Потом их разговор перешел на другую тему. Друзья обсудили премьеру мюзикла "Звезда и смерть Хоакина Мурьеты" композитора Рыбникова, на которой недавно побывали. Только они успели обменяться своими впечатлениями об игре актеров, как подъехали к Ярославскому вокзалу. Там друзья расстались.
Павлов забрал из багажника свою дорожную сумку и направился к месту встречи с помощником тов. Афанасьева. Они тепло поздоровались. Игорь Иванович передал Павлову документы на командировку и конверт с начисленной бухгалтерией по высшему разряду суммой командировочных расходов.
Долго не задерживаясь, Павлов попрощался с любезным Игорем Ивановичем и быстрым шагом пошел к 1-й платформе, с которой, как уже начала объявлять по громкоговорителю дежурная, через 25 минут должен был отправиться скорый поезд сообщением "Москва-Новосибирск". Вначале, как было условлено, Павлов подошел ко 2-му вагону, поздоровался с проводницей, назвал свою фамилию и попросил пропустить его к начальнику поезда тов. Фролову. Проводница понимающе кивнула головой, и Павлов зашел в вагон.

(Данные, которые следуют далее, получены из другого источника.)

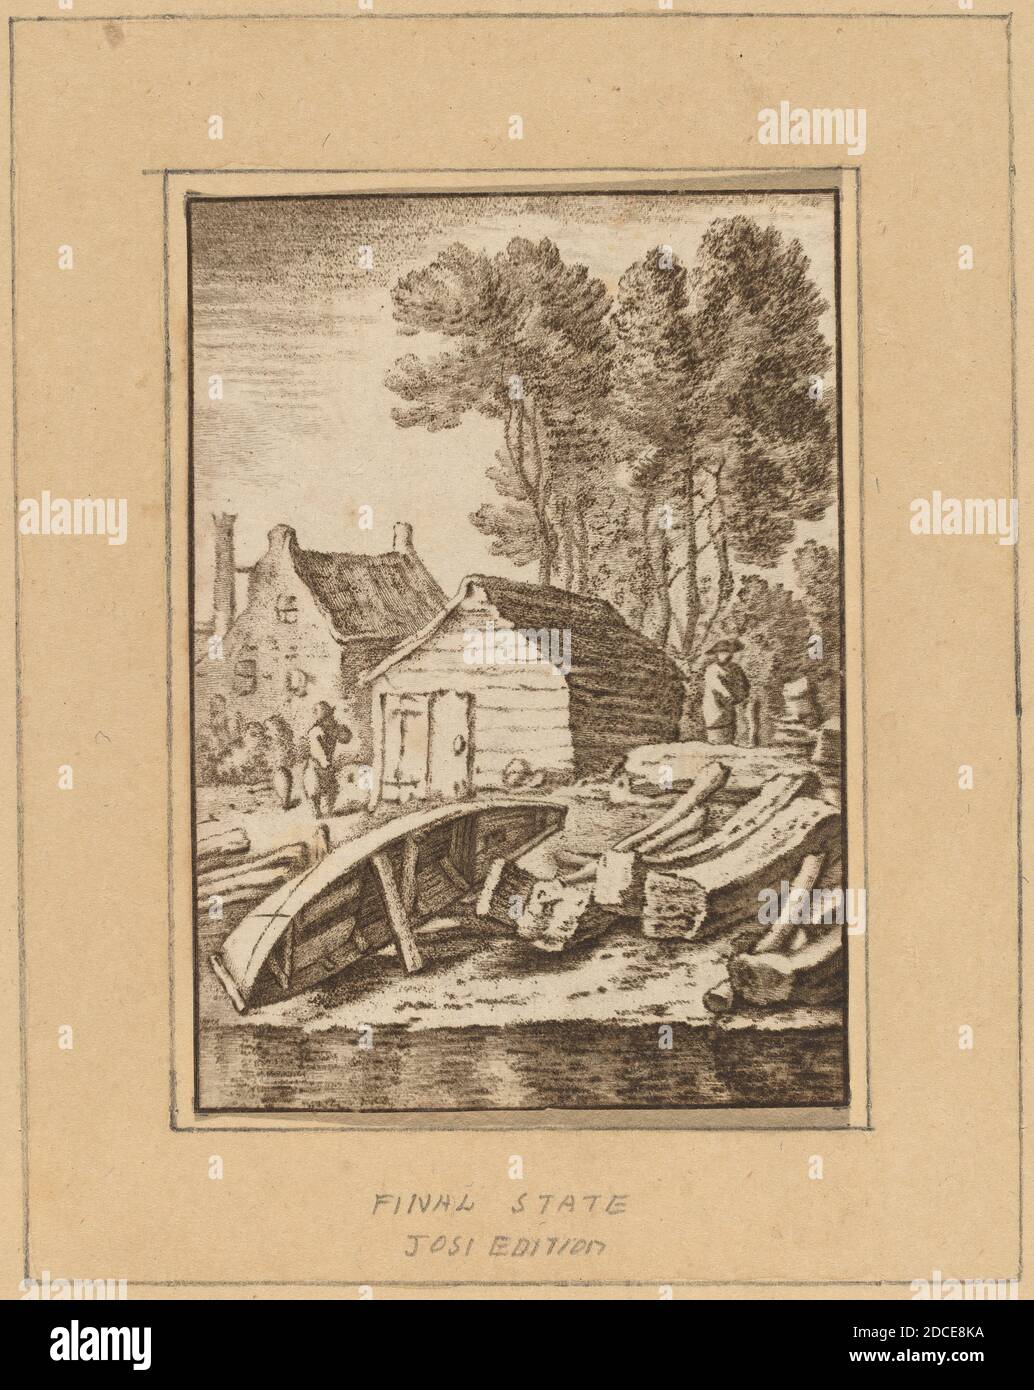 Cornelis Ploos van Amstel, (artiste), Néerlandais, 1726 - 1798, Herman  Saftleven, (artiste après), Néerlandais, 1609 - 1685, Shipyard, 1761,  publié en 1765, craie avec des hachures gravées imprimées à l'encre noire  sur

Двери во II купе вагона класса СВ были открыты, и Павлов, заглянув внутрь, увидел пожилого лысого мужчину в синей форме железнодорожника, поздоровался и представился. Тов. Фролов, а это был именно он, предложил Павлову присесть и сразу же поинтересовался, ездил ли он когда-нибудь на поезде "Москва-Новосибирск". Павлов ответил, что до сих пор не доводилось, однако, он надеется, что едет в Новосибирск железнодорожным путем не в последний раз. Тов. Фролов заулыбался и вручил ему билет в 6-й вагон на 15-е место. А потом попросил его пройти по проходу в 5-е купе, где его, оказывается, "кое-кто с нетерпением ждет".

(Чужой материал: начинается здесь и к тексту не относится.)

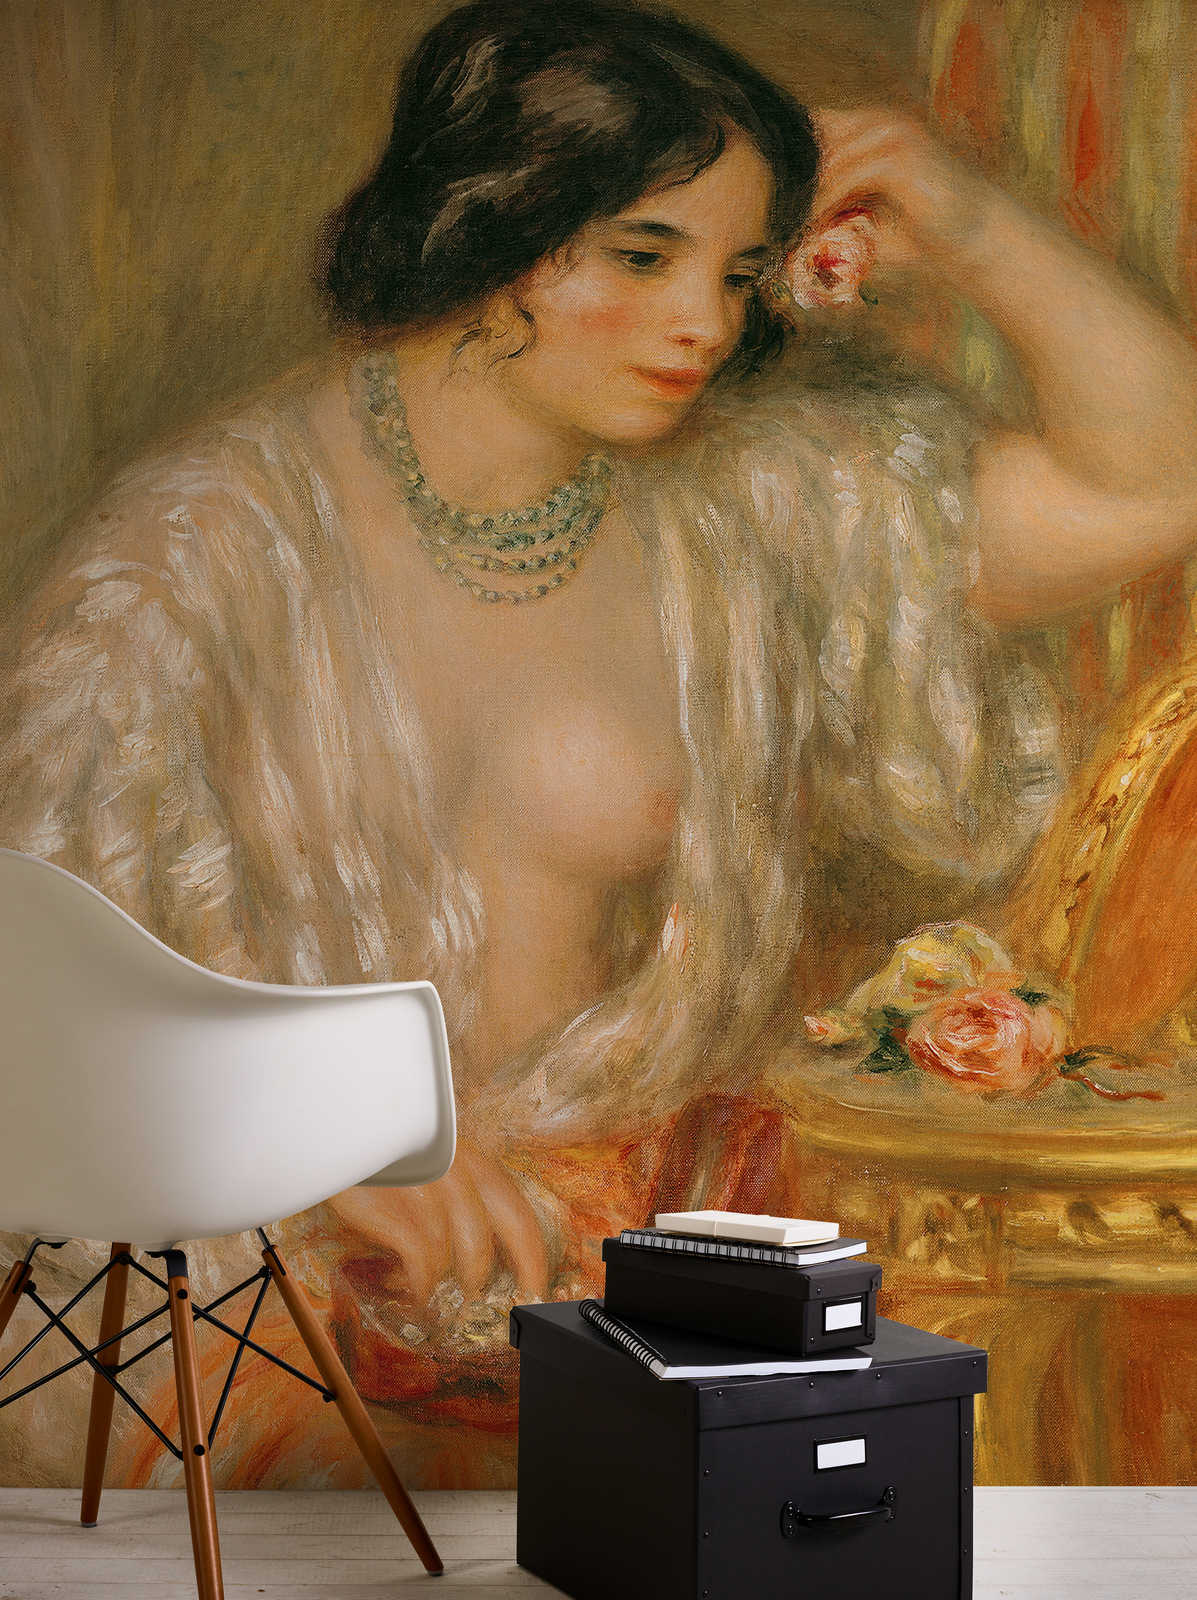             Muurschildering "Gabrielle met juwelendoosje" van Pierre Auguste Renoir

Этим "кое-кто", как догадался Павлов, был старший лейтенант госбезопасности Оленина Светлана Викторовна. Разумеется, не в мундире и при погонах, и даже не в шикарном шелковом платье, в котором она вчера предстала перед ним на Патриарших прудах, а в спортивном костюме неизвестной Павлову торговой марки. Плотно облегающая ткань подчеркивала изящные формы: длинные ноги, узкую талию и маленькую волнующую грудь. В купе Оленина была одна, но спрашивать ее о том, будет ли с ней попутчик, Павлов, конечно, не стал, чтобы не выглядеть бестактным.

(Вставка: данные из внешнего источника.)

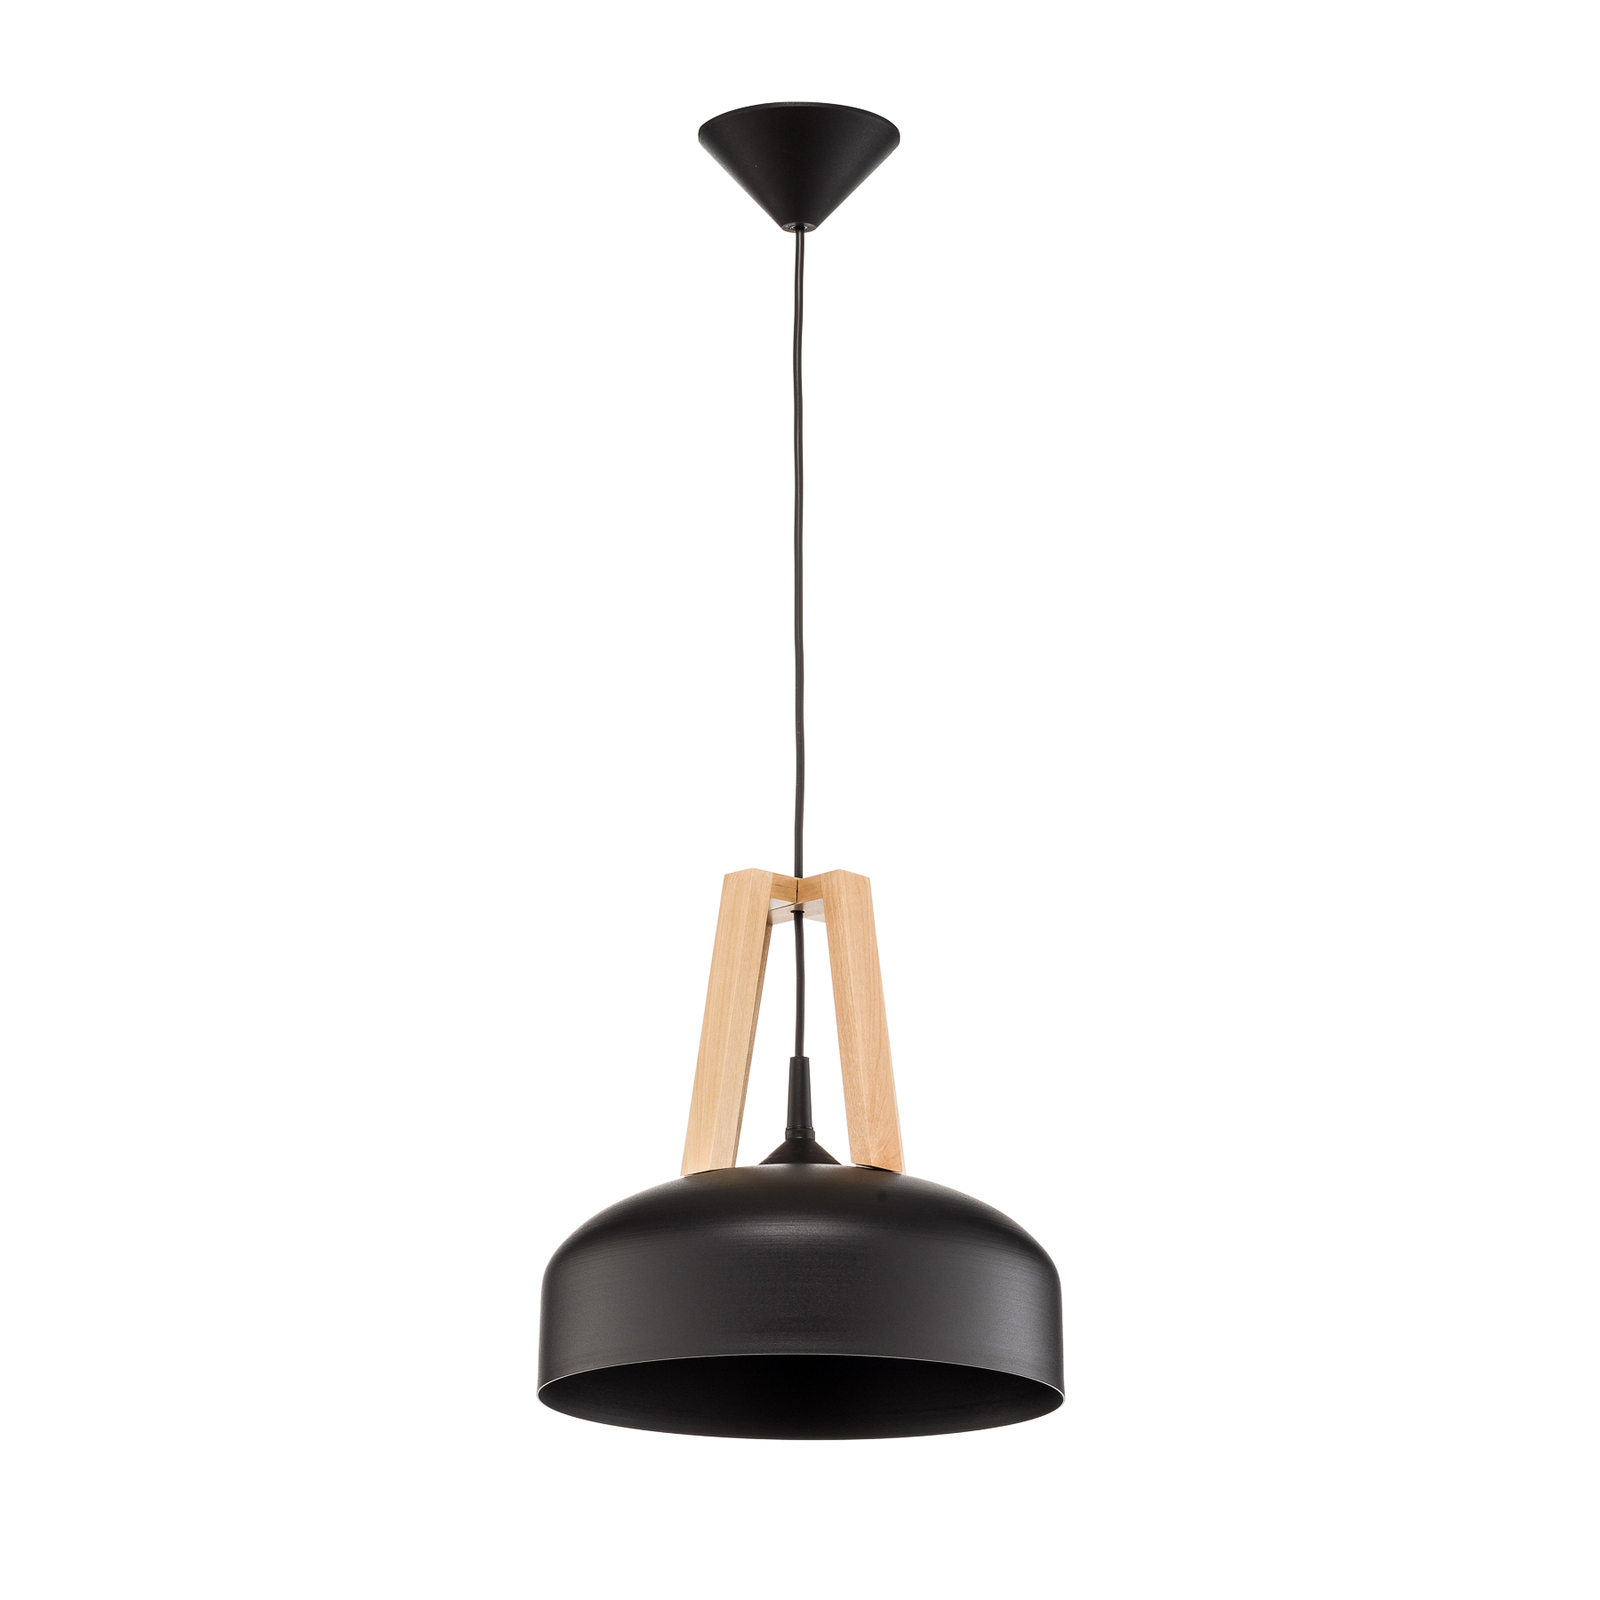 North hanging light, natural wood, black lampshade

После обмена приветствиями, а также мнениями по поводу прекрасной, по-летнему теплой погоды, которые оказались идентичными, Оленина сразу перешла к делу. Она сообщила ему, что Аркадий Моисеевич Фишман только что совершил посадку на поезд в соответствии с купленным билетом, то есть в IV-е купе 6-го вагона. Вместе с ним в одном купе поезда до конечной станции "Новосибирск-Главный" едет его родная племянница Мелисса, отчисленная месяц назад за плохую успеваемость и аморальное поведение со второго курса МХТИ имени Менделеева, и близкая подруга отчисленной – 20-летняя валютная проститутка Надежда Навротилова. Последняя, по словам Олениной, числится по штату лаборанткой одного из многочисленных московских НИИ, но, фактически, зарабатывает себе на жизнь древнейшей профессией. Цель поездки гражданки Навротиловой – неизвестна, но скорее всего, чтобы погостить и развлечься. Девушек связывает общая компания, состоящая из таких же аморальных типов, половину из которых, по мнению Олениной, давно бы следовало отправить за 101-й километр на трудотерапию. В этой связи Оленина попросила Павлова при общении с девушками во время 2-х суточного путешествия проявлять максимальную осторожность, чтобы не подцепить какое-нибудь венерическое заболевание.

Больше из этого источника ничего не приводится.